As I stand witnessing the pain and suffering of the past European refugees (60 millions of them after the devastation of the Second World War) I ponder if today’s wealthiest continent in the world by far, has forgotten its past and the need to honour the fundamental right to asylum.

French Protestants were forced to flee from France in the 17th century.

Jews, Roma and many others fled from horrors of Nazi Germany in the 1930s and 1940s.

Spanish republicans, Hungarian revolutionaries, Czech, Slovak and Yugoslavian citizens were all forced to flee from their homes. Nearly everyone in Europe comes from a refugee ancestry.

The impressive Ben Uri collection is, not only an excellent eyewitness to the émigré story, but also a testament to the contribution and achievement of those who come from distinct cultures.

In London, where more than 37% of people are born outside of the UK, Ben Uri needs to build on its impressive collection to include, as Jackie Wullschlager says:

“…the story of the Palestinian diaspora, of the Arab Image Foundation, of Jewish-Arab co-operative projects. If Ben Uri seizes such provocative opportunities, it will truly become a must-see museum for everyone…”

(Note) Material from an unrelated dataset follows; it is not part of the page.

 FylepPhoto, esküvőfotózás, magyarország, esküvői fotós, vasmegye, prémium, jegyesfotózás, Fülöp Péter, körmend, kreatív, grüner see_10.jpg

As the world is facing a refugee crisis, let us look to the art and its power to bear witness to horrors of the past. Let’s consider the contribution of those who were once regarded as outsiders but are now woven, so successfully, into the cultural fabric of their adopted countries.  Let us be reminded of our own past and our responsibilities to offer refuge and stability to those who find themselves where once so many of our own ancestors found themselves in.

There is nothing to fear from refugees. What we should fear is our apathy towards the pain and suffering of others and the horrors that could follow from it.

 

4 COMMENTS

  1. Donna, what a wonderful exhibition to come across. I’m going to London early next year and it looks like I’m just going to miss it 🙁

    As the grand daughter of WW2 Eastern European refugees and a mother born stateless I can relate well.
    “Here again, we find universality in the story of refugees, be they modern refugees fleeing from Syria, Libya, Eritrea or any of the 20 million Europeans whose Polish ancestry share Herman’s experience of displacement. The story is of forced migration due to war, political or religious persecution, dictatorship, and oppression.
    As I stand witnessing the pain and suffering of the past European refugees (60 millions of them after the devastation of the Second World War) I ponder if today’s wealthiest continent in the world by far, has forgotten its past and the need to honour the fundamental right to asylum.”

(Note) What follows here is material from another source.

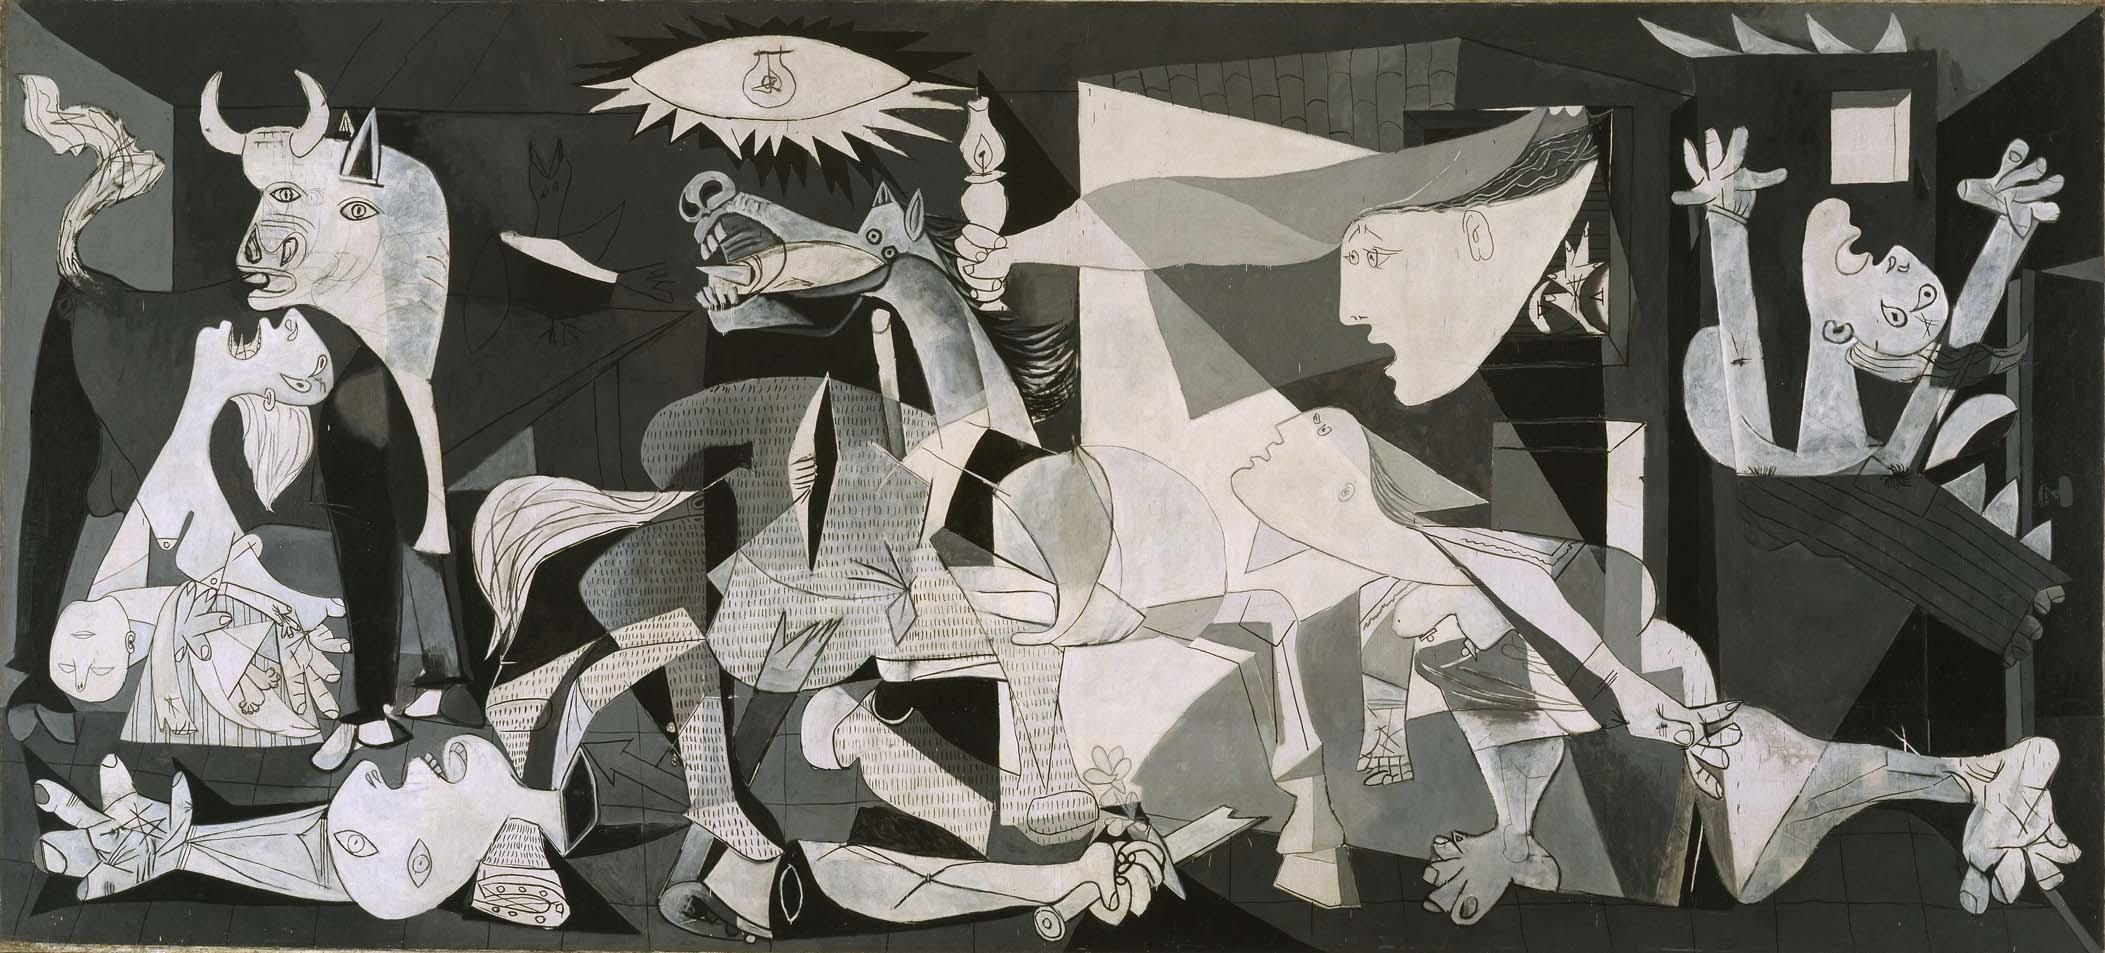 图片来自Reina Sofia博物馆官方网站

    This current refugee crisis has affected my mother quite badly, especially the responses of most Western countries, and sadly the attitudes of many of the general public. They went to Australia, who didn’t want them because they weren’t British, but reluctently took Europeans that at least looked white and weren’t Jewish (so not a lot’s changed there, has it?) From my perspective, many of the 1st, 2nd generation decendents of WW2 refugees will be well aware of how the traumatic effects of the war still haven’t gone away, and in fact, have led to intergenerational trauma. So watching history repeat and knowing what will happen to these people in the long term, it’s heart-wrenching. Especially since PTSD is recgonised now and people stand a better chance of not having to suffer in silence and without help.

    Whatever the solution, finding somewhere for refugees to go is just the start.

  2. Dear Kay, you are right about the intergenerational trauma and the hear-wrentching suffering of the current refugees.
    For your information, Ben Uri has a permeant gallery on 108a Boundary Road, off the famous Abbey Road in St John’s Wood in London. I hope you get the chance to visit on your trip next year and, like me, make a suggestion to the museum officials that this wonderful exhibition should expand beyond its current focus and deserves a permanent base in central London.

    • Thanks for that information Donna, I’ll do some research on his gallery. I’m only going to have a few days in London so will be quite time restrained; that particular exhibition I’d have made a point of seeing though.